Этих моментов было столько. Бесконечно много за какие-то две недели. И, наверное, каждый из них по кусочку разрушал ее страх и опасения, превращая совершенно незнакомого Инге человека с довольно опасной и, чего лукавить, асоциальной профессией, в очень близкого. И знакомого. Не интересами и жизненными увлечениями, о которых Инга и сейчас представления не имела. А каким-то интуитивным, самым древним и простым способом узнавания, когда глядя, просто касаясь – признаешь и принимаешь человека «своим». Не потому, что от него сейчас жизнь твоя зависит: по большому счету не Нестор решил оставить ее в живых, насколько знала Инга. А потому, наверное, что глядя ему в глаза, всматриваясь в лицо этого мужчины, не отличающегося эмоциональностью, у Инги появлялось странное, но очень твердое убеждение, что она его понимает.

Однако сейчас Инга думала не об этом всем. Она в принципе не думала, просто кричала.

А он смотрел. И этот взгляд…

Бог его знает, что стояло в голубых глазах Нестора, но она вдруг осознала, что ей надо выйти. Прочь. На улицу. Срочно. И глубоко вдохнуть. Глубоко-глубоко, чтоб аж голова закружилась, и в глазах зарябило от избытка кислорода.

Повинуясь этому импульсу, она круто развернулась и направилась к двери. Вот только, у Лютого имелось совершенно иное мнение на этот счет, что она могла бы предвидеть. И не успела Инга сделать и два шага, как ее плотно и крепко обхватили его руки.

– Что?

Ей почему-то плакать каждый раз хотелось, когда он говорил. Она не смогла бы внятно выразить это ощущение. Ведь общалась с десятками людей ежедневно ранее, и всегда считала естественным, если человек объяснял свои действия. Но когда говорил Нестор… Инге самой становилось больно. Словно она физически ощущала то, что приходилось ему преодолевать, чтобы озвучить ей свои мысли. Так иногда чувствуешь себя, когда разговариваешь с больным ангиной – сам ощущаешь, как больно собеседнику слово проговорить. Но у Нестора словно бы не горло болело, так не казалось, несмотря на вечную сиплость голоса. А будто бы вся грудь огнем горела, и разрывалась от боли от самого простого слова. И хоть она в принципе не знала, с чего подобное выдумала, Инга готова была многое отдать, чтобы понимать его мысли. Лишь бы Нестору не приходилось так себя принуждать. Ведь несмотря ни на что, он раз за разом старался с ней говорить, преодолевая все, чтобы его не терзало.

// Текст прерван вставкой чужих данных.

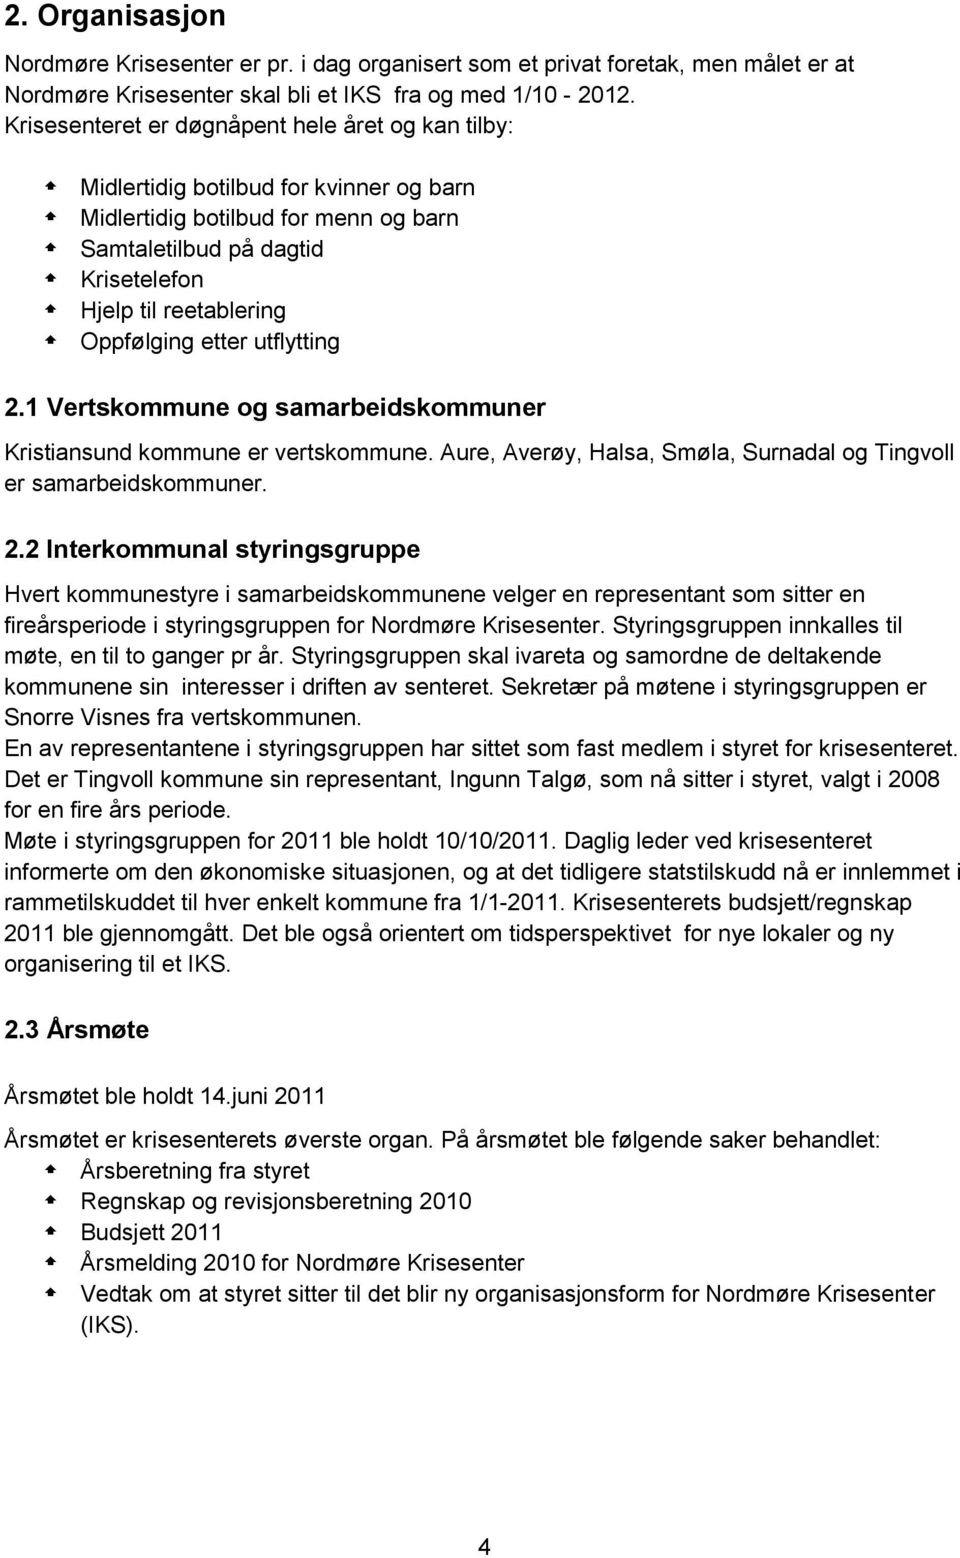 Oppfølging etter utflytting 2.1 Vertskommune og samarbeidskommuner Kristiansund kommune er vertskommune. Aure, Averøy, Halsa, Smøla, Surnadal og Tingvoll er samarbeidskommuner. 2.2 Interkommunal styringsgruppe Hvert kommunestyre i samarbeidskommunene velger en representant som sitter en fireårsperiode i styringsgruppen for Nordmøre Krisesenter.

Близким. Он стал ей очень близким.

Глупо? Вероятно. Но у Инги сейчас не было сил и возможности об этом размышлять. Иногда бесят и самые близкие люди.

– Отпусти! Мне надо выйти! – прохрипела она, ощущая удушье.

Не потому, что он крепко держал.

Ее душил этот дом. Ее истерика. Вся ситуация. Мысли.

– Что с тобой? – повторил он, и не думая ее послушать.

– Ничего!! – она просто не сумела сдержаться.

И даже для себя неожиданно, отчаянно вцепилась в его руки, стараясь освободиться. Принялась извиваться и дергаться.

– Нестор, я просто хочу выйти на улицу! Или я уже и дышать не имею права по своему желанию?! – в каком-то исступленном отчаянном возмущении, закричала Инга. Да, что там, заорала просто. – Я задыхаюсь, понимаешь? Мне нужно выйти!

Ей действительно не хватало кислорода в воздухе. Не по физическим причинам или составу «газовой смеси», которую она вдыхала. Ингу колотило и трясло от переизбытка эмоций.

То ли ощутив это, то ли от незнания, как в этот момент себя повести, Нестор ослабил хватку, и Инга вырвалась из его рук, подлетела к двери, резко рванув ручку. А когда оказалась на крыльце – едва не согнулась пополам. Уперев ладони в колени, она сделала глубокий вдох.

Сзади приблизился Нестор. Наверняка, в упор смотрел на нее, не допуская расстояния между ними больше полуметра.

Инга медленно выпрямилась. Ей не стало лучше. Кроме того, стоило им обоим оказаться на крыльце – зашлась лаем собака. Не то с перепугу, не то приветствуя «хозяина», который в последние два дня, наверное, учтя «угрозу» Инги, что она сама пойдет кормить бедное животное, если он этого делать не хочет, подкармливал «волка». Собака никуда не отходила от дома, и Инга начала серьезно опасаться, что животное истощиться. Правда, о том понимании и даже какой-то ласке, которую Инга видела между ними перед нападением, речи не шло. Нестор даже ничего не говорил животному, никак не проявлял своей привязанности, если таковая и имелась. Просто оставлял еду. Категорически запретив Инге приближаться к собаке.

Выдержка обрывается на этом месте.